• Exercise prompt:
Copy the lines below as they are; omit the images they contain.

BEGIN Recorded information

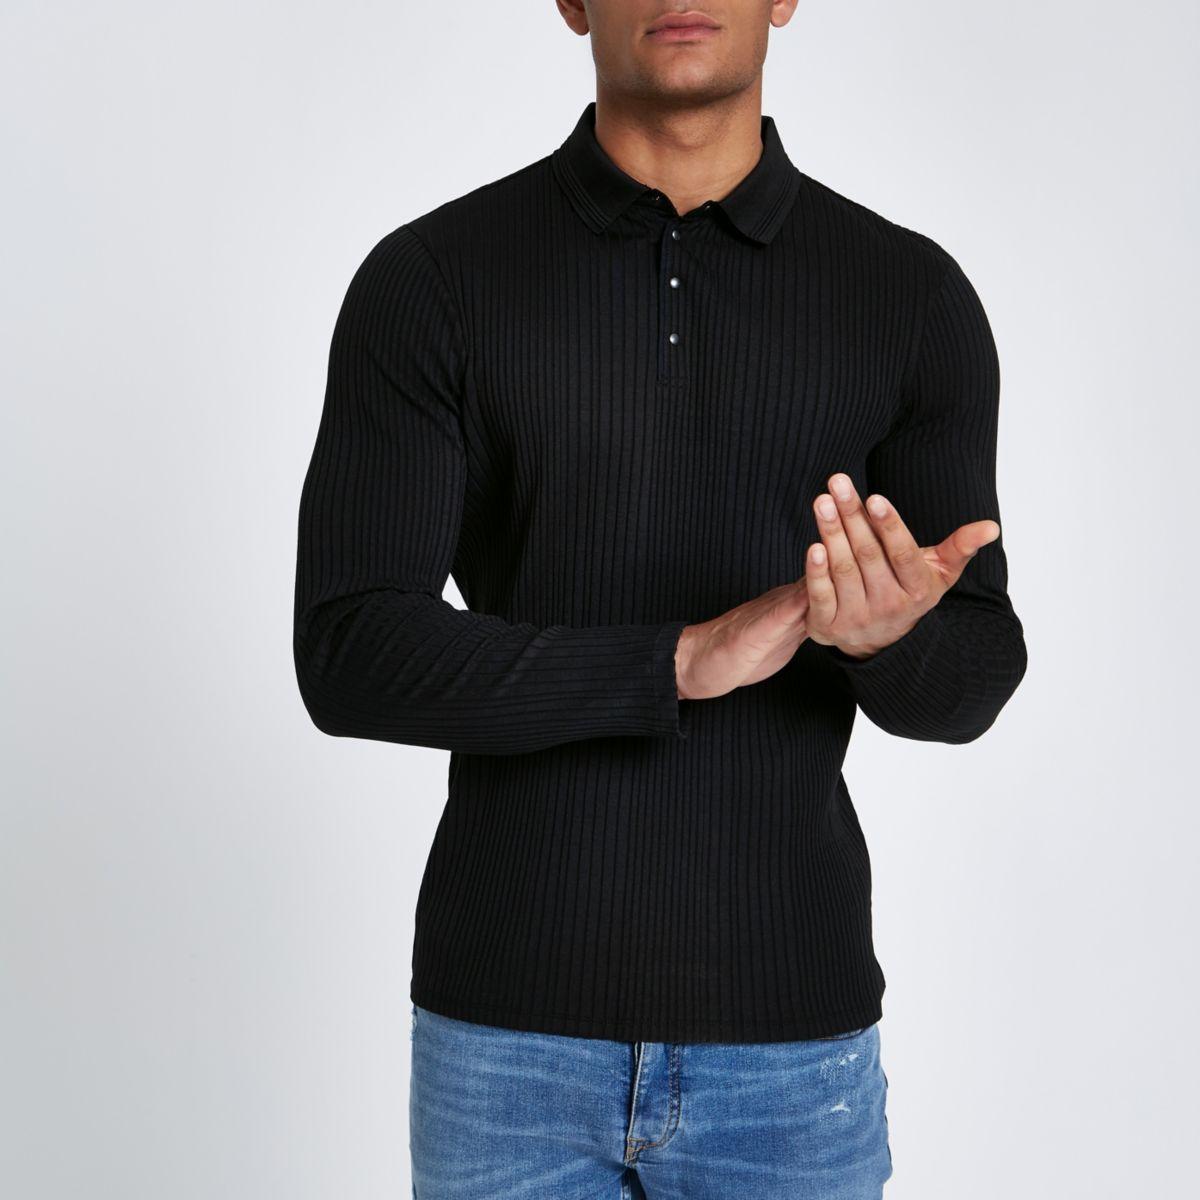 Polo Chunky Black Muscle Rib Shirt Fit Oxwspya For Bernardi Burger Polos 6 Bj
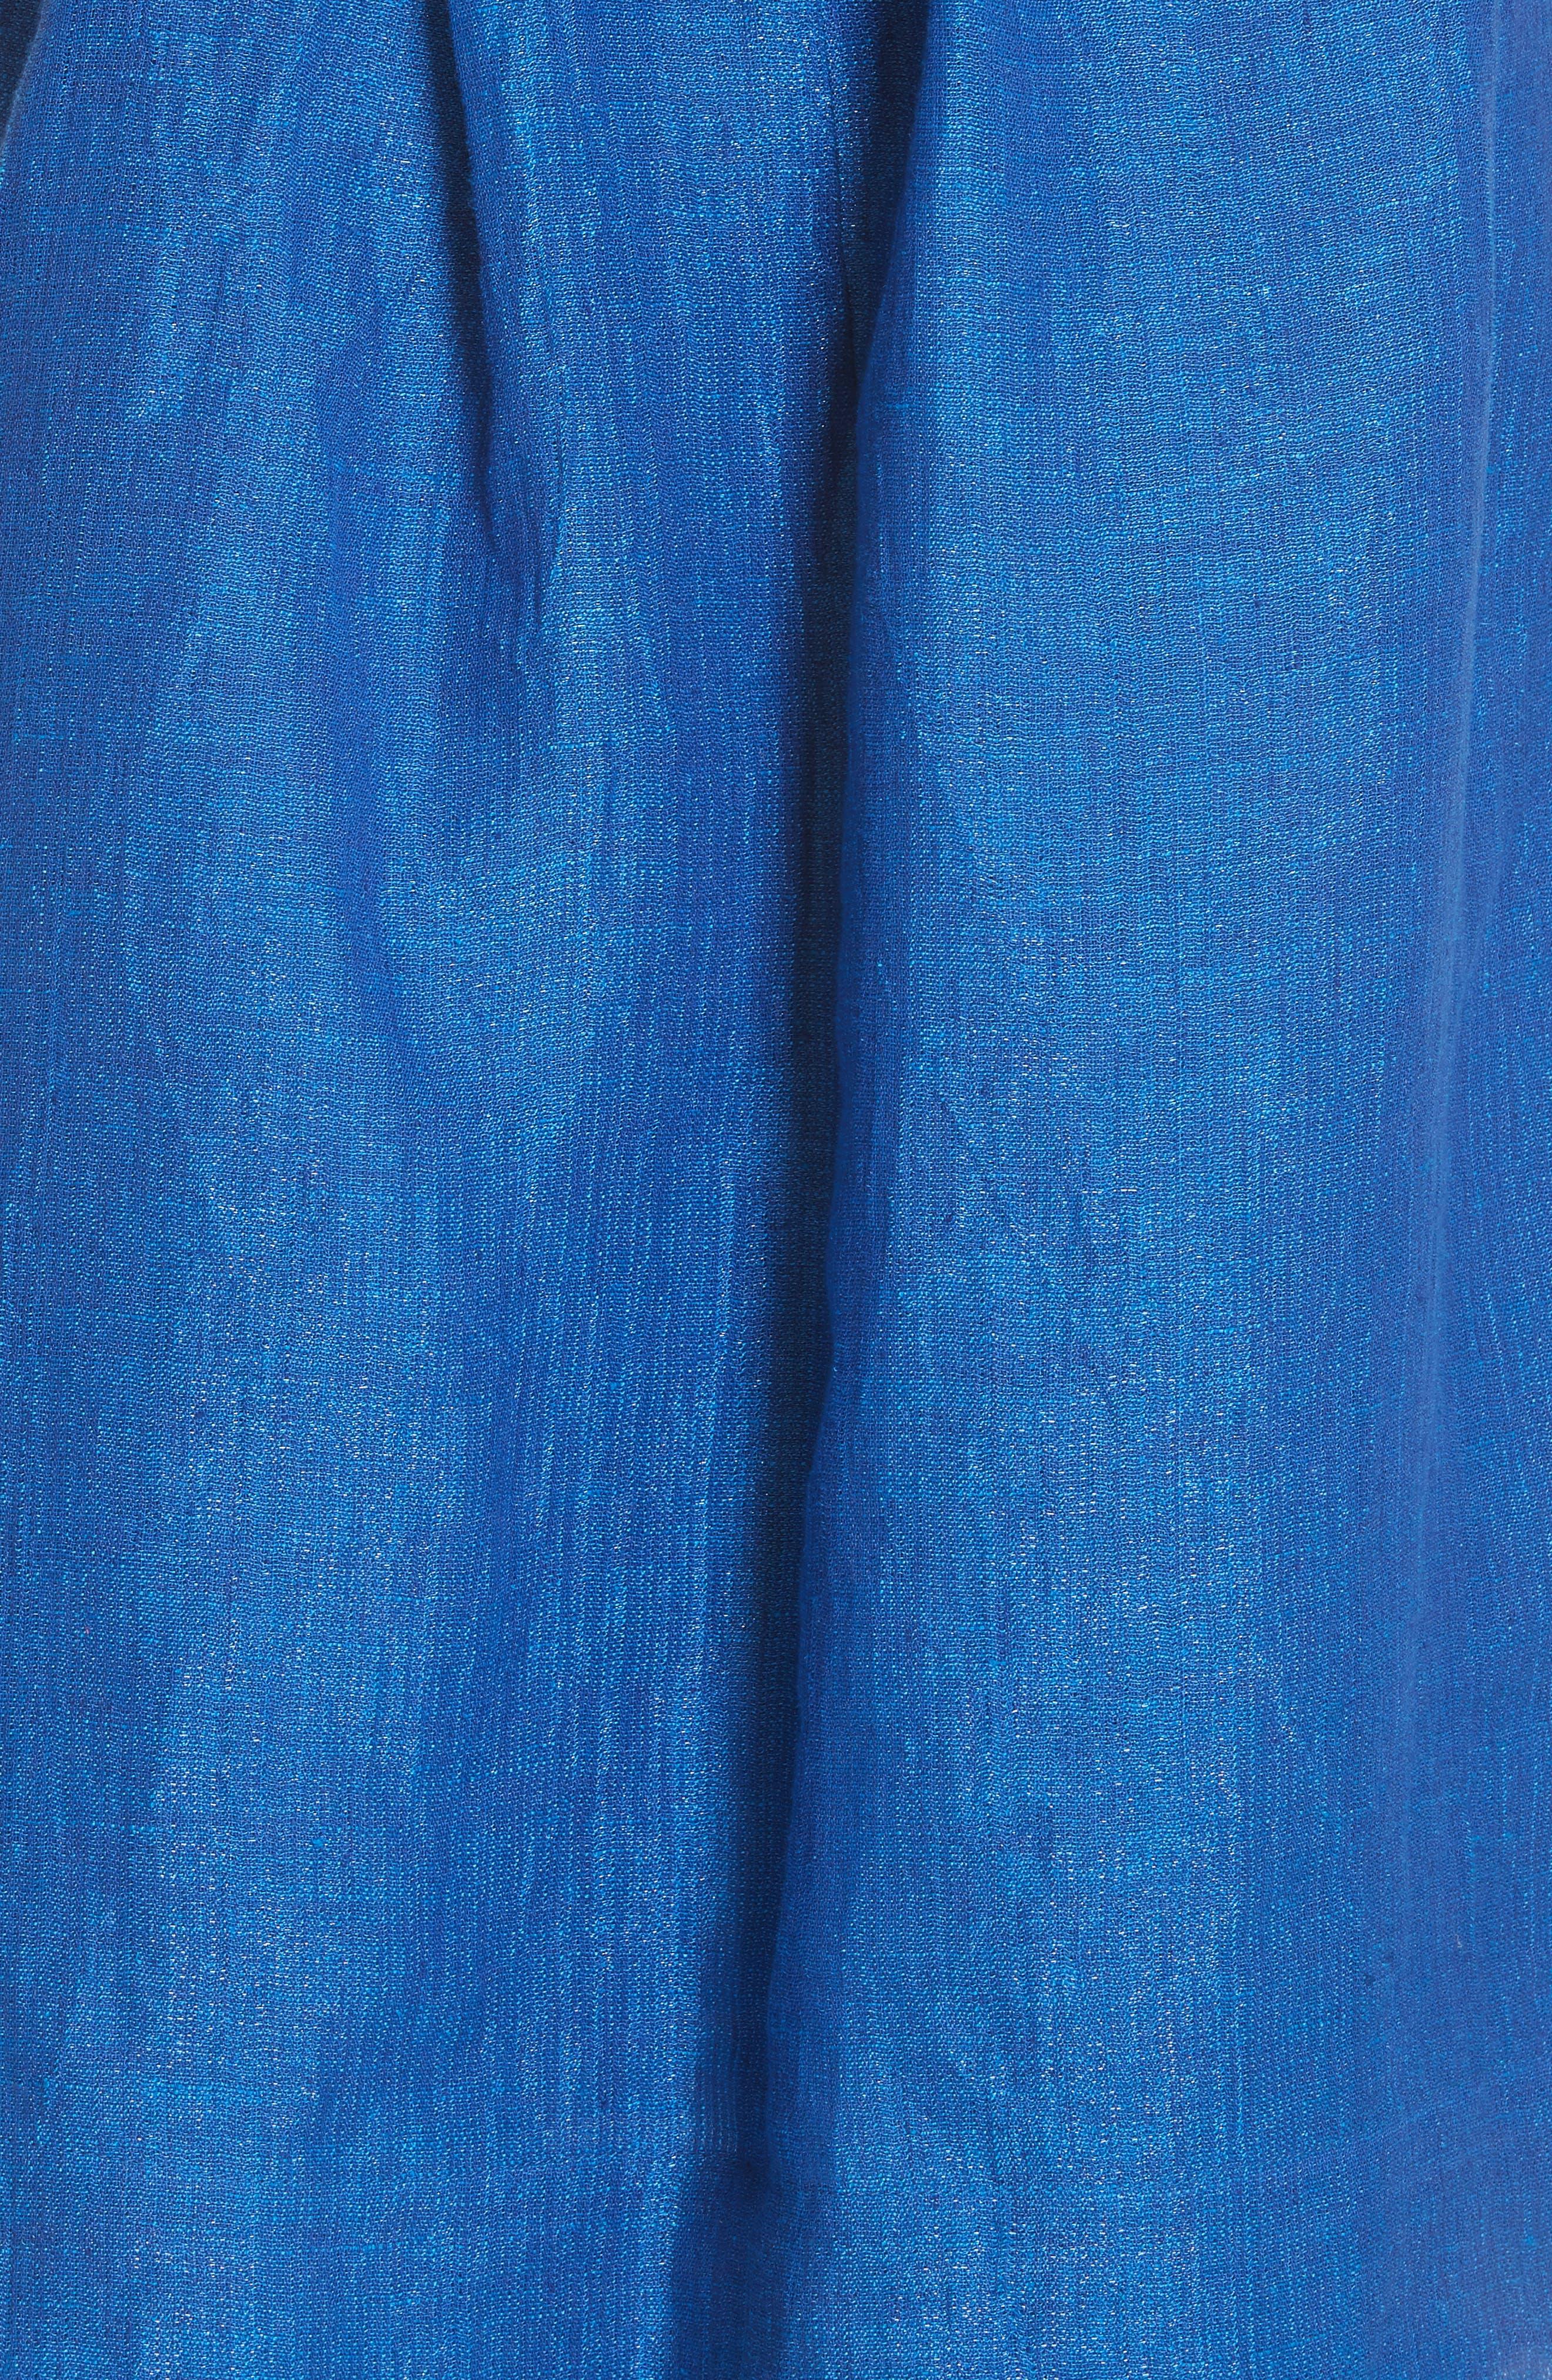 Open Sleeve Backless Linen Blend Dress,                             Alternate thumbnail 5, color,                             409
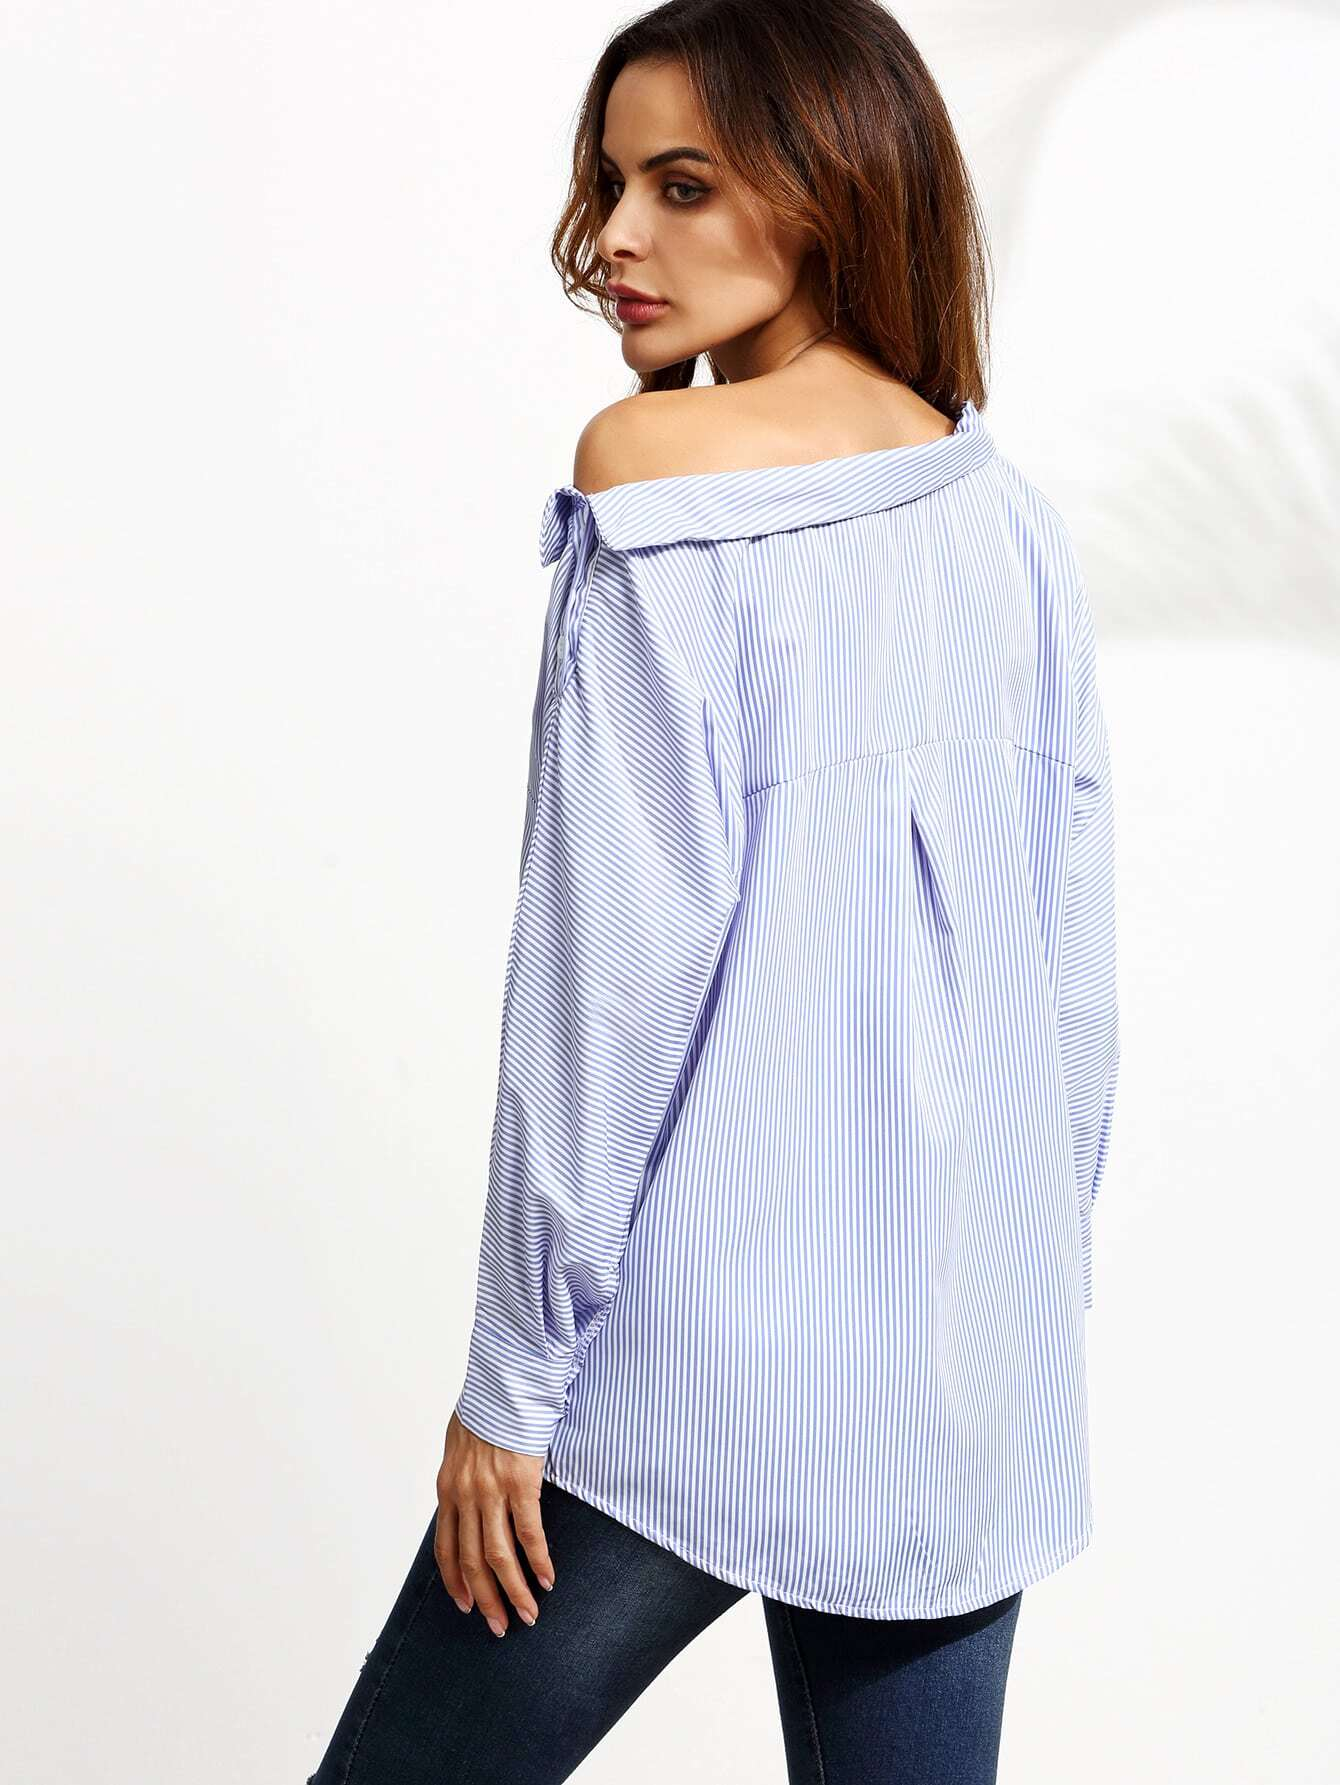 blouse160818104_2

END Recorded information

• Written solution:
 Polo Chunky Black Muscle Rib Shirt Fit Oxwspya For Bernardi Burger Polos 6 Bj
 Open Sleeve Backless Linen Blend Dress,                             Alternate thumbnail 5, color,                             409
 blouse160818104_2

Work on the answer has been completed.